解決の糸口見出せぬ政府との対立…日本学術会議が発したメッセージ
日本学術会議は27日、政府の法改正見送りを受けて“開かれた協議の場”を求めるメッセージを発した。これに先立ち同日開かれた内閣府の総合科学技術・イノベーション会議(CSTI)の政策討議では協議への道筋は示されなかった。政府では民営化を含めた学術会議の独立性担保の検討が進んでいる。法改正が見送られたことで決裂は一時的に回避されたものの、政府と学術会議の対立は解決の糸口が見出せていない。(小寺貴之)
「学術会議に丁寧に説明したものの理解は得られなかった」―。内閣府大臣官房総合政策推進室の笹川武室長は法改正見送りについて報告した。笹川室長は「透明性が担保されないのではあれば、国の機関にとどまるのは難しいとの意見もある」と言葉を添えた。
政府が求めた選考諮問委員会では、会員選考の透明性を担保するためと説明されている。学術会議の選考担当者は「開示可能な情報はすべて開示している」と説明する。選考過程の個人の採点結果や落選者などの個人情報に関わる情報は開示できない。選考方針や候補者に求める資質、選考日程など開示可能な情報は公開済みだ。これ以上、透明性を高めることは難しいという。
見送られた法改正案では選考諮問委員会を設けることになっていた。諮問委員会にCSTI議員が加わるため、諮問の形で選考過程を共有可能になる。これが選考への介入の懸念があると学術会議に拒否された。政府に対する透明性を高めても、必ずしも社会に向けた透明性が増す訳ではない。

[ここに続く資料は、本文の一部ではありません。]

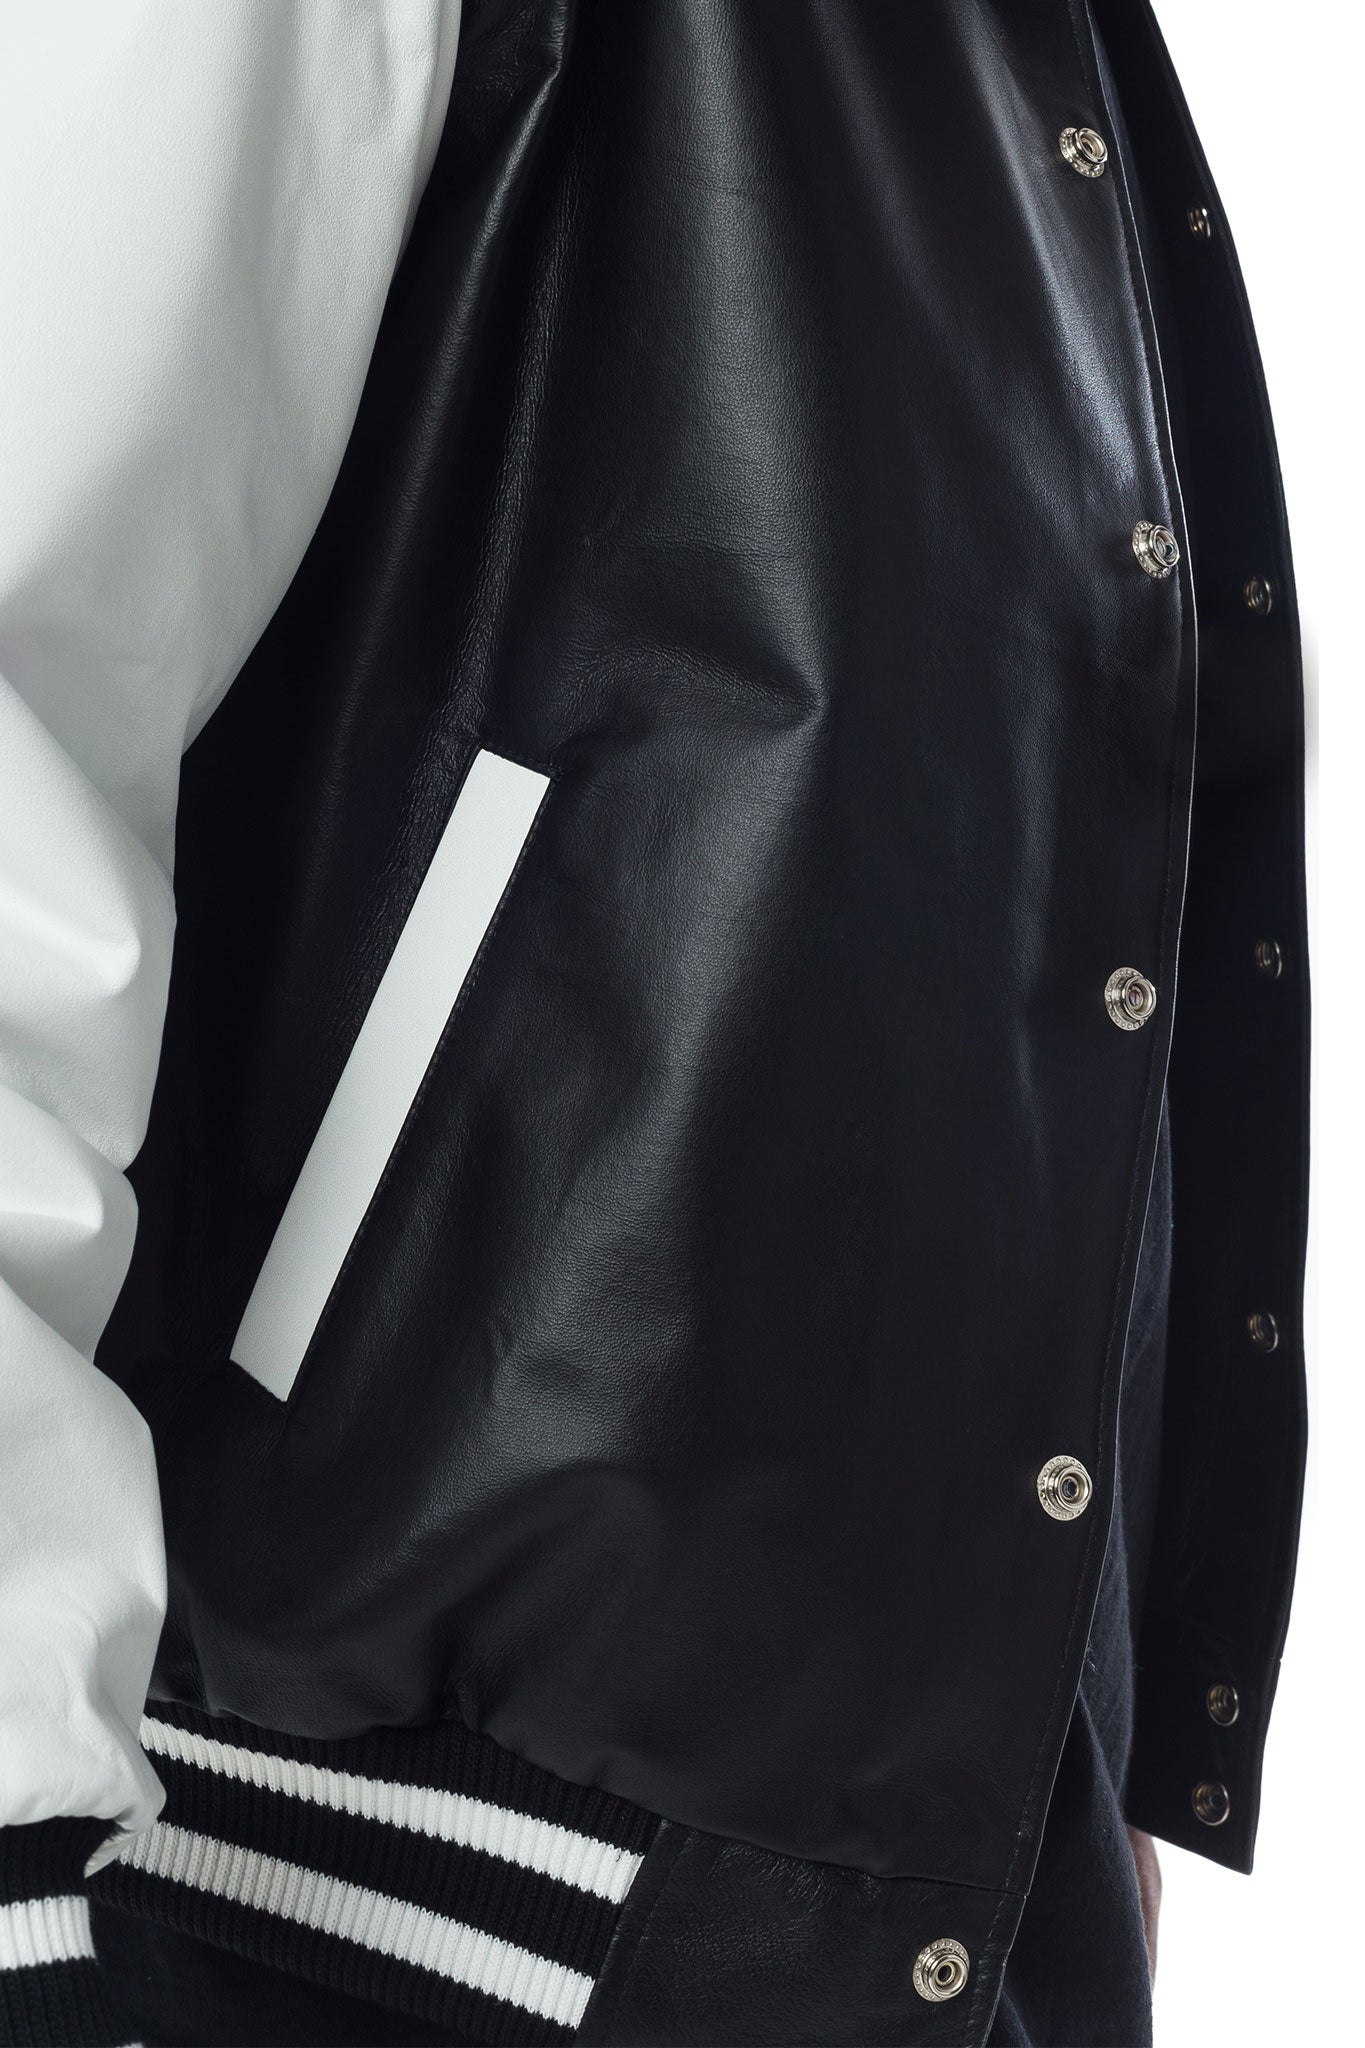 Cross Colours Do Baseball Leather Jacket - Black/White 2x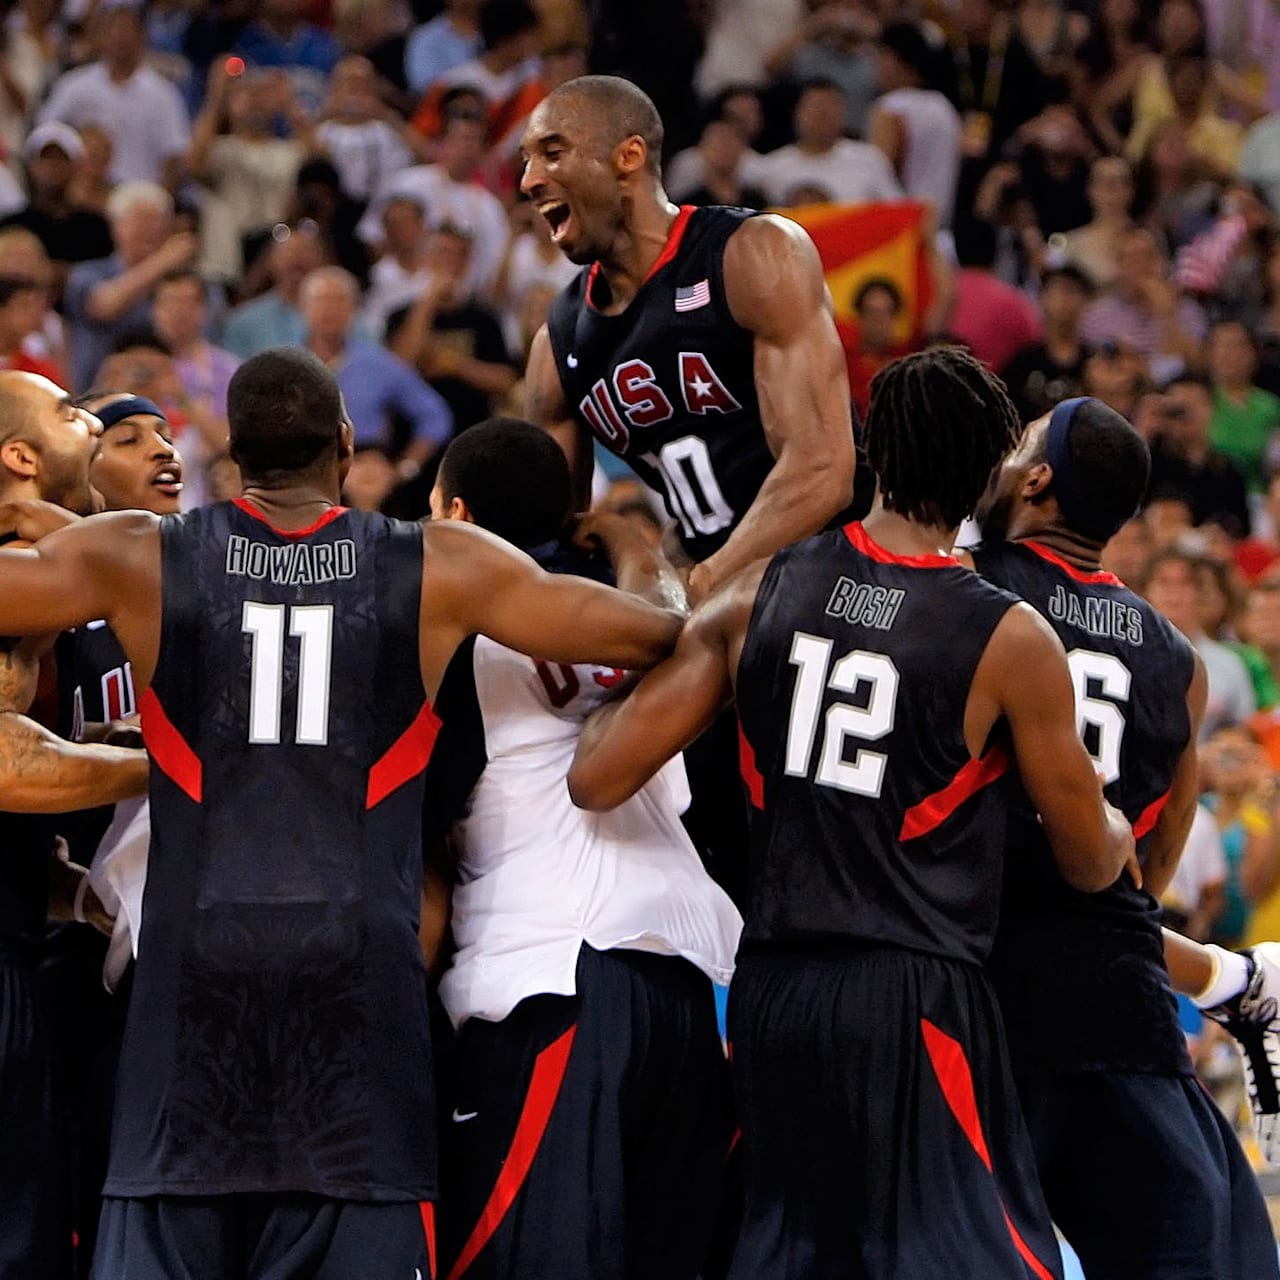 Beijing 2008 Olympic Games USA Basketball Kobe Bryant Jersey

透明性の議論は一度棚上げされ、政府は学術会議の独立へと検討を進める。ただ民営化で独立性が改善するとは限らない。学術会議も包括的で抜本的な見直しの議論を受ける構えだ。学術会議の梶田隆章会長は「信頼に基づいた議論が必要だ。開かれた協議の場をどう作るのかも議論しなければならない」と議論を求める。
日本は脱炭素や生成系人工知能(AI)の規制など、国の科学技術外交の重要な局面にある。政府と学術会議は互いの信頼回復の過程を社会に示すことが求められる。